ETUDIANTE À MADRID, LA MONÉGASQUE A TRIOMPHÉ EN DOUBLE MIXTE PR3 LONGUE DISTANCE AVEC ENRIQUE FLORIANO MILLAN, MALVOYANT MÉDAILLÉ NEUF FOIS AUX JEUX PARALYMPIQUES... EN NATATION !

Ils sont dorénavant indissociables. Il n'y a plus Clara Stefanelli et Enrique Floriano Millan, mais bien un équipage "Florianelli", comme ils le répètent à l'envie.
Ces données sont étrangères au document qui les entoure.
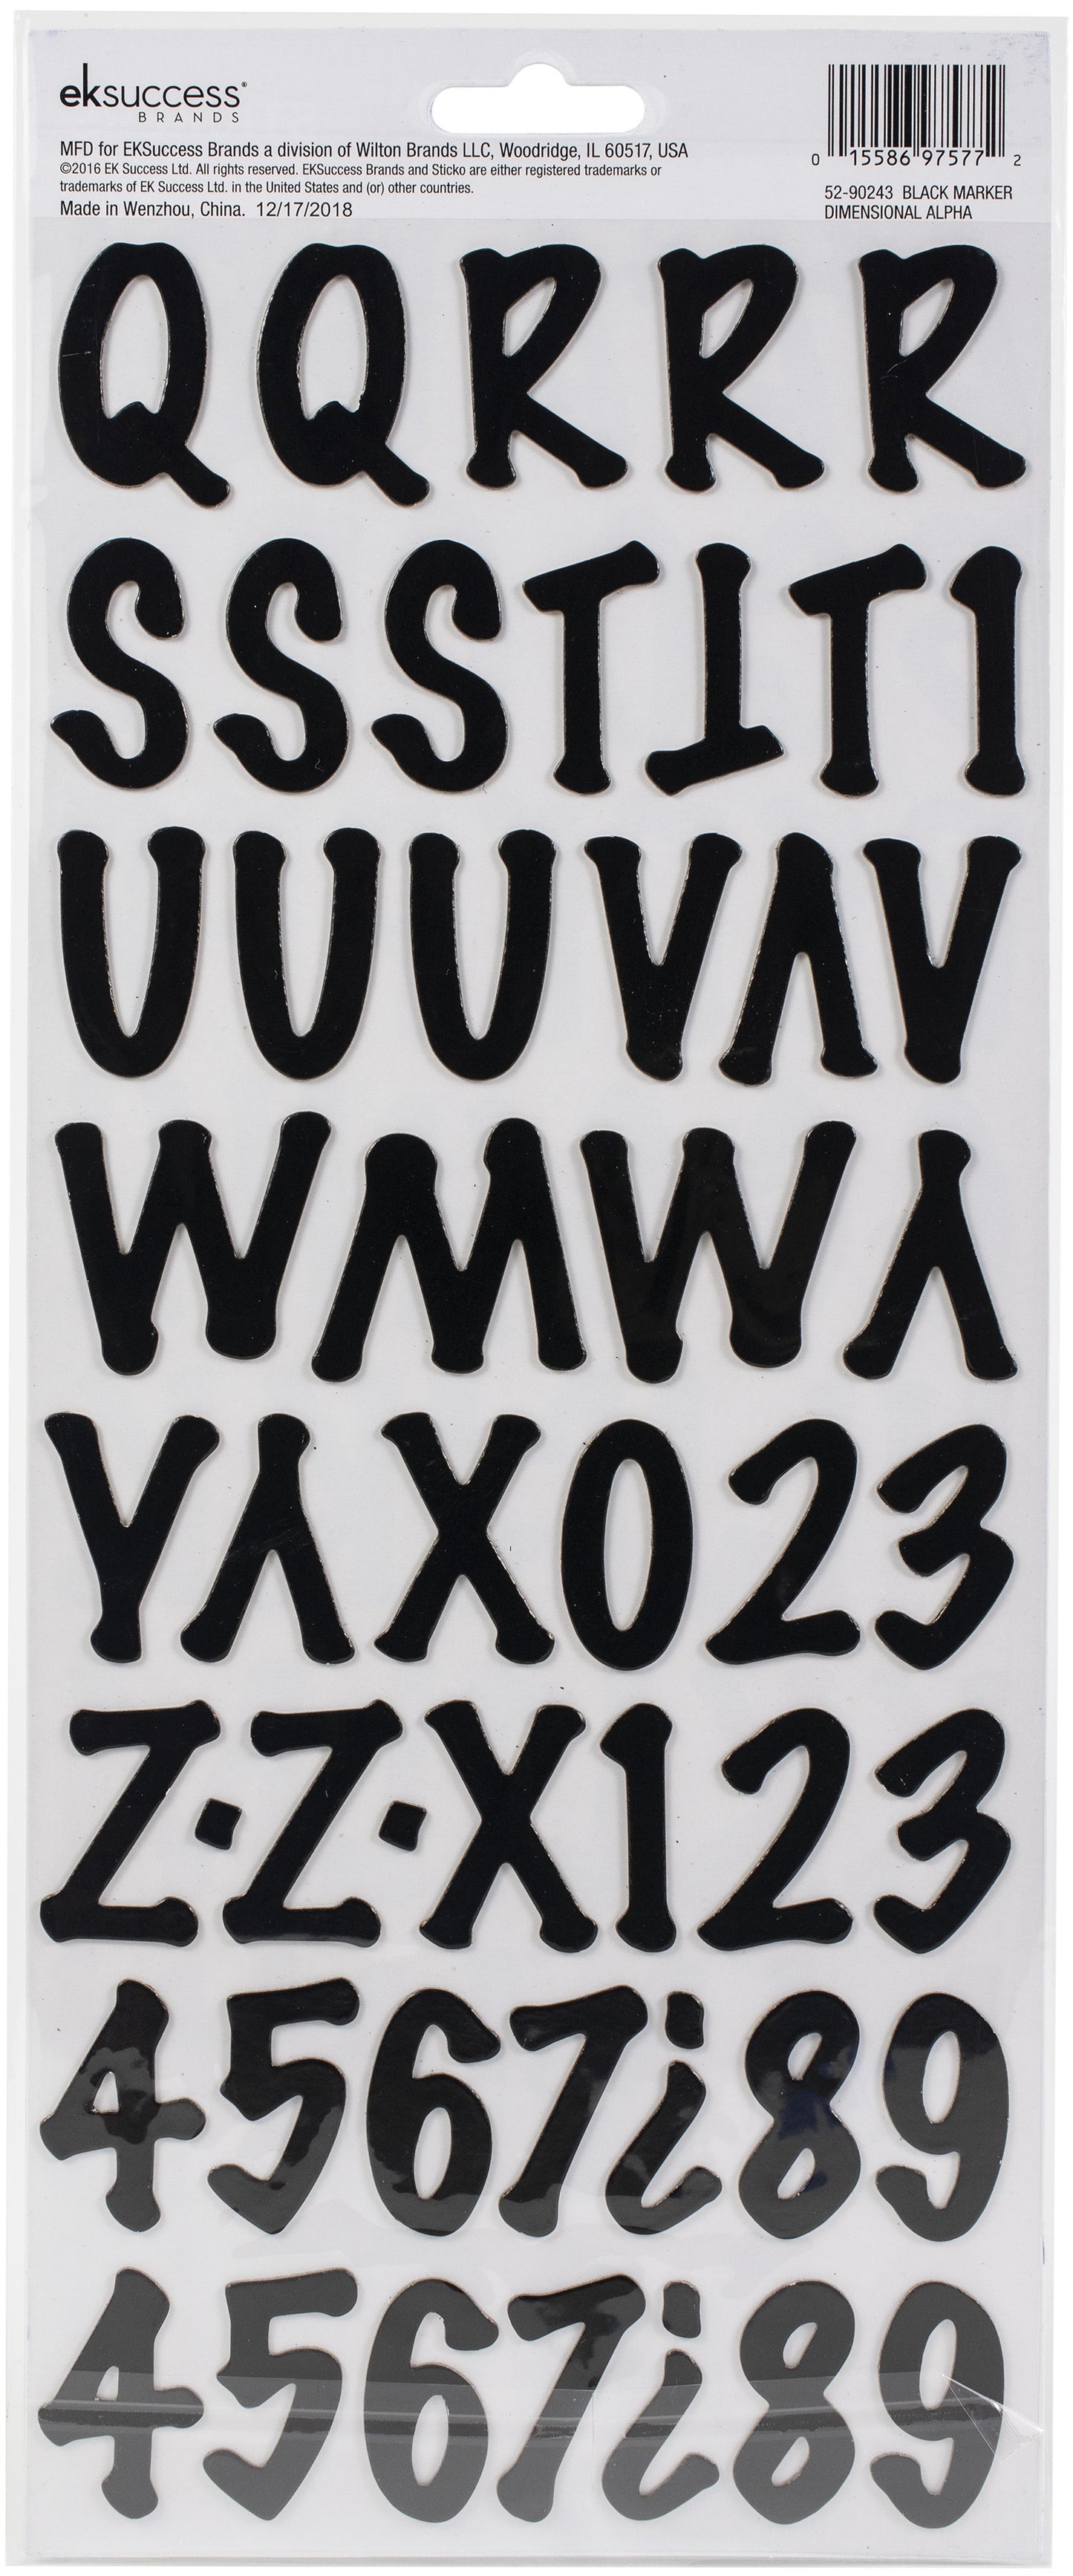 Sticko Alphabet Stickers 101/Pkg-Marker - Black

Engagés sous les couleurs du Remo Madrid Velocidad, un club d'aviron de la capitale, les deux rameurs sont devenus champions d'Espagne du double mixte PR3 (para-aviron) longue distance, le week-end dernier à Castrelo de Miño. Une sacrée performance, magnifiée par la relation unissant ces champions. 

Clara Stefanelli, rameuse émérite de la Société nautique de Monaco (SNM), s'est installée à Madrid début octobre pour poursuivre ses études de traduction/interprétation. "Dès mon arrivée, je me suis inscrite au club d'aviron. Un réflexe logique", s'amuse-t-elle. Au Remo Madrid Velocidad, elle fait la connaissance d'Enrique Floriano Millan, malvoyant au palmarès sportif éloquent : neuf médailles paralympiques en natation entre Sydney 2000 et Londres 2012, dont deux du métal le plus précieux et cinq d'argent ! Avec "la cuisine" comme passion commune, Clara et Enrique tissent rapidement une relation d'amitié. Jusqu'à que l'Espagnol lui fasse "sa demande". "Pendant les vacances de Noël, lorsque les dates du championnat d'Espagne ont été confirmées, Enrique m'a proposé de ramer ensemble en double mixte PR3 longue distance, une nouvelle catégorie de la compétition", se remémore la Monégasque.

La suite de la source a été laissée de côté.